Детское общество я узнал только чрез Стороженок; когда меня приводили к ним, я у них встречался с сыновьями Якушкина, К. П. Христофоровой, с Ледей Сизовым, с Женей Иванюковой и с Варей Кабановой; вообще же дети играли малую роль в моем детстве; чаще всего: я боялся детей; особенно я детей боялся в Демьянове; там я был самый младший; мне в удел доставалась Вера Владыкина, самоуверенная девчонка, прибиравшая меня к рукам; я был, так сказать, приперт к ней; демьяновские дети ее ненавидели за строптивый нрав; а меня угрожали убить и оскальпировать (из-за длинных волос); особенно неумолима была бедовая четверка пританеевских мальчиков, состоявшая из Павлуши Танеева, Миши Бармина, Жени и Лели Бутлеров (все — старше меня года на два, на четыре, а то и больше); двойственный Вася Перфильев, когда ссорился с Танеевыми, то появлялся около нас с Верой; стоило его поманить, и он, мгновенно делаясь ирокезом, так же, как и прочие, начинал ползать за мной по кустам; высшей мечтой моей было попасть в индейцы к старшим мальчикам, но мне заявлялось, что, во-первых, меня нельзя брать в игру из-за длинных волос; во-вторых: если я стану индейцем, то за кем же они будут ползать и кому угрожать? С Верой Владыкиной — шутки плохи: она подымет скандал на весь демьяновский парк.

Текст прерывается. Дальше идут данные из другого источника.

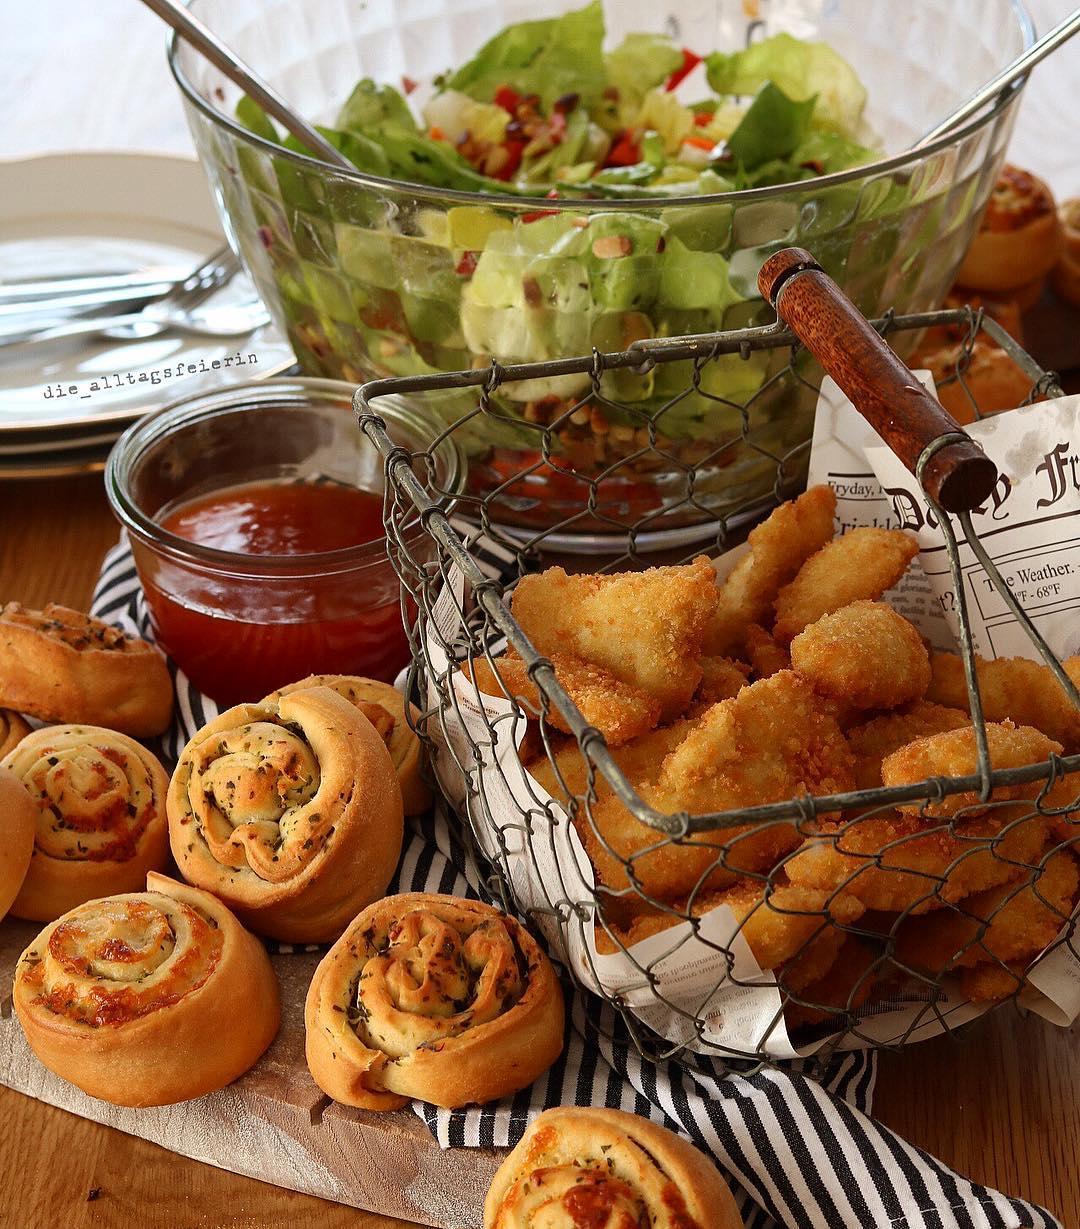 Salat, Fingerfood, Honig-Senf-Dressing, Pinienkerne, Wochenplan, Speiseplan, Essensplan, Freebie, Freebie Wochenplan

Я не очень тянулся к Вере; Вера, бойкотируемая за нрав, сама заводилась около меня; я ей был удобен, потому что я подчинялся; подчинялся же я потому, что, подчиняясь, вовсе не играл в то, что мне навязывалось другими, играя про себя; но в тот период я так свыкся с положением своей зависимости, что ниоткуда не ждал сносного отношения к себе; покорность моя от продуманного до конца знания: в этом мире нет свободы; передо мною отовсюду выступала слепая воля, то под формою материнской власти, то под формою власти среды, то под формою временного и сравнительно удобоносимого летнего ига Веры Владыкиной; вот еще повод, почему поздней я клюнул на раздвоение Шопенгауэра: «Мир, как воля и представление». «Мир есть мое представление», — говорило детское «Я», сжимаясь в точку постельки: выход из постельки означал: ты вступил в царство слепой, нутряной, животной воли; здесь не жди целесообразности: здесь царство бессмыслия, царство слез и обид.
Вот основные линии моего бытия до восьми лет; они скудны; на все я смотрю из-под флера скуки; ни о каких надеждах не может быть речи: день пережить — да и в сон!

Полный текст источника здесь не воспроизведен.